O homem que perdeu R$ 100 bilhões: Ascensão e queda do império X
Uma boa direção estilo Martin Scorsese, o diretor de O Lobo de Wall Street, ou Oliver Stone, responsável pelo clássico dos anos 80, Wall Street, Poder e Ganância, e um orçamento um pouco maior do que a verba garantida pela Ancine aos filmes nacionais – talvez seja tudo o que a história de Eike Batista necessite para se tornar um sucesso nos cinemas e arrebatar milhões de espectadores.
No que depender de um pequeno público, no entanto, os agentes da Polícia Federal, a parte mais interessante da história ainda é desconhecida: como afinal Eike conseguiu estes bilhões para perder?

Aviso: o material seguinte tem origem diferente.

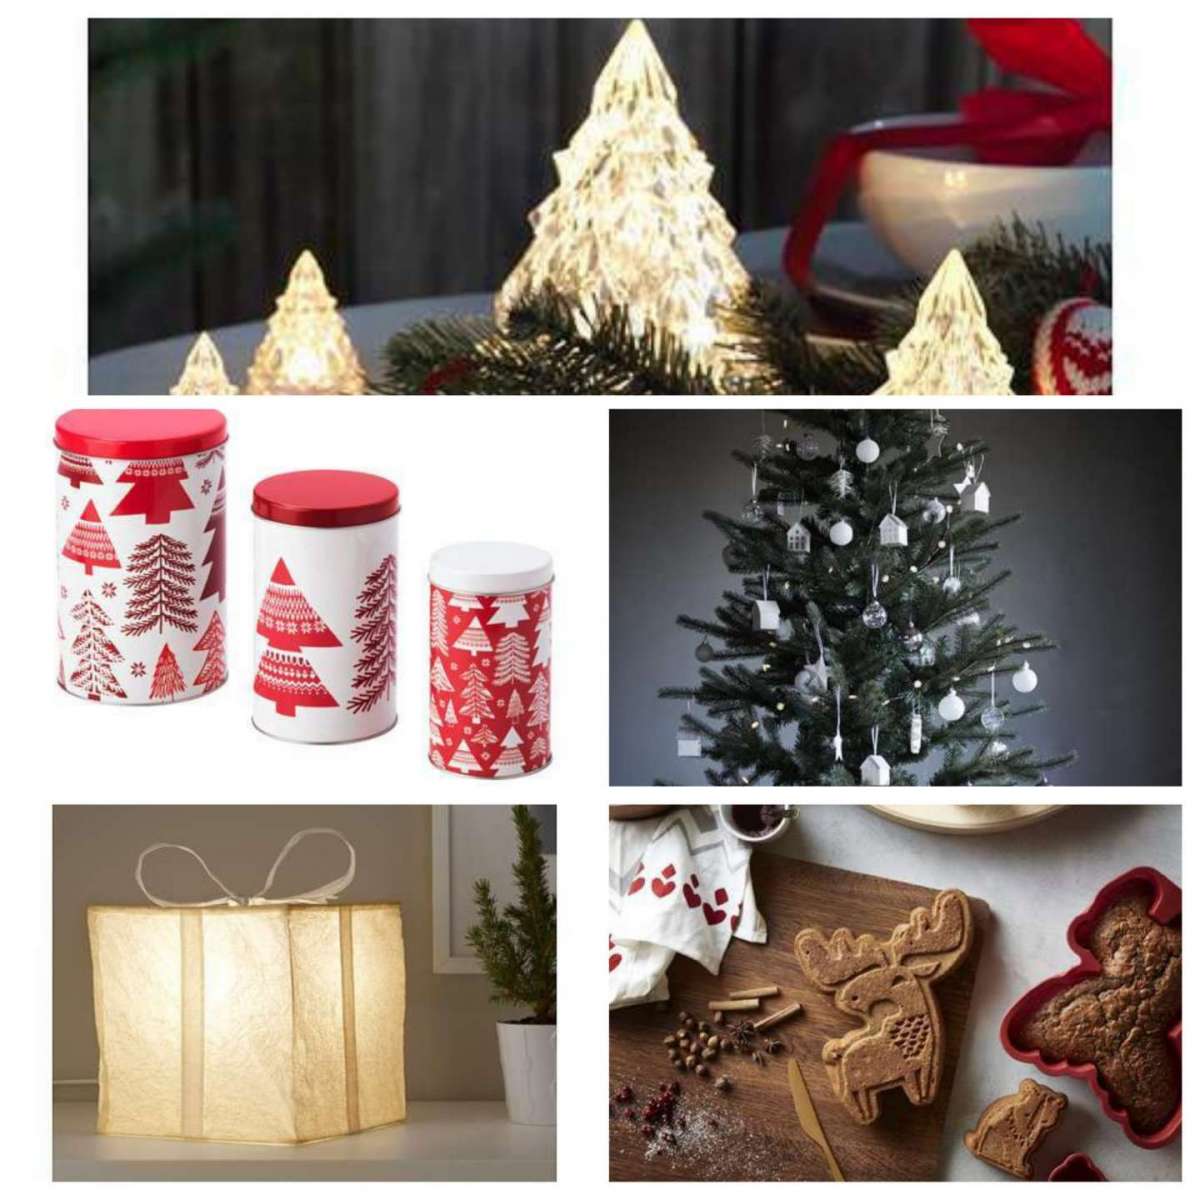 IKEA Natale 2017: le decorazioni e gli accessori a tema

Seu retorno ao Rio de Janeiro e o cumprimento do mandado de prisão em seu nome sob a alegação de pagamento de propina ao ex-governador do Rio, Sérgio Cabral, deve ser justamente o ponto de partida para descobrir esta história – que, ao contrário de sua queda, não parece ter sido tão bem narrada pelos jornais. Trata-se do início daquilo que pode ser uma abertura completamente nova para a Lava Jato: o BNDES e os campeões nacionais.
Se não há, porém, expectativa de que uma delação de Eike possa ser tão grande quanto a de Marcelo Odebrecht e seus 77 executivos, há ao menos uma certeza: será tão profunda e impactante quanto. Razões para crer nisso não faltam. Ao longo da última década, nenhum empresário brasileiro esteve tão próximo ao poder e foi tão bajulado por ele quanto Eike Batista. Foram R$ 16 bilhões apenas em empréstimos para suas empresas, fora licenças de exploração e construção, além de lobby direto para lhe favorecer, executado por ministros de Estado.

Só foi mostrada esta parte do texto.